Ward Hall also occupies a unique position to tell the story of the black American experience in Kentucky and the Mississippi Delta and to compare and contrast the treatment of the enslaved in Kentucky and the deep South. The narratives or Ruben Fox and Mark Nichols taken from the WPA Slave Narratives at the Library of Congress is just one example of the experience which can be brought to life at Ward Hall.
The house can tell the story of the unique relationship between Richard Mentor Johnson and his mulatto consort Julia Chinn (more of which below).
Ward Hall provides an example of the closed relationship between white and black Americans in the antebellum South. Though the attachment was certainly unequal, each depended to some degree on the other. Modern Americans often associate America's racial past with the term segregation, but on an antebellum plantation like Ward Hall, the races were decidedly – if forcefully – integrated. The history of its residents reveals many of the ways in which black and white lived together and how whites depended on blacks in the daily routines of a large plantation.
When Junius Ward began the construction of Ward Hall in 1853, slaves certainly formed a large portion of the construction crew. James Baily, a free mulatto, served an an assistant to Taylor Buffington in the construction project. Born in Louisiana, Baily was the son of a free woman of color named Mary and a white man, Littleton Bailey. Ward and Minor Williams, friends of Captain Bailey, brought James to Kentucky, educated him in Cincinnati as a carpenter and builder and encouraged their friends in Scott County to employ him. Bailey built some of the finest houses in Georgetown and Scott County, including several still extant structures at Georgetown College. Further complicating the understanding of race in America, as late as July 1863, James Bailey owned three slaves.

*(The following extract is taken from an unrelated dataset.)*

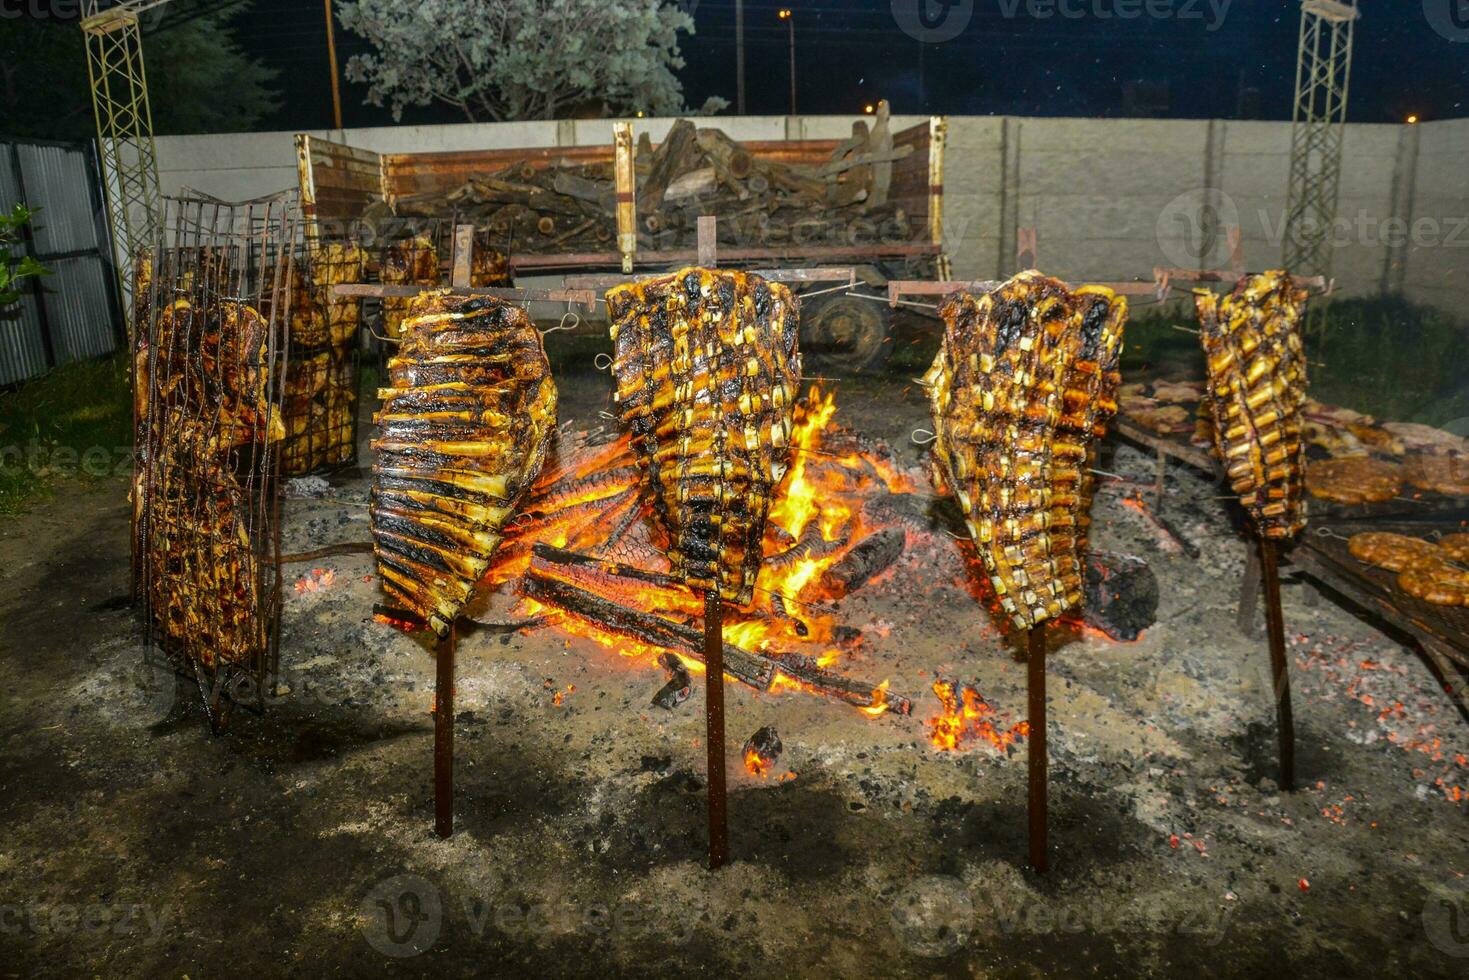 barbecue koe ribben, traditioneel Argentijns gebraden foto

Tax records indicate that between fifteen and seventeen slaves attended to the work of
the completed mansion. The basement of Ward Hall served as the control center of that operation. Slave women and men kept the fires going, prepared the food, and washed and ironed the clothing for the family and guests. Servants could be called to the public or private sides of the house at any time day or night. Though slave quarters existed to the west of the mansion, some evidence indicates that slaves, perhaps a butler, kitchen manager, cooks and maids actually lived in the house. The personal servants, a valet, children's nurse, manservant, and maid servant accompanied the Wards from Mississippi each summer and probably resided in the house as well. White family members and guests came into contact with those servants many times everyday, knew them personally, and benefited directly from their labors.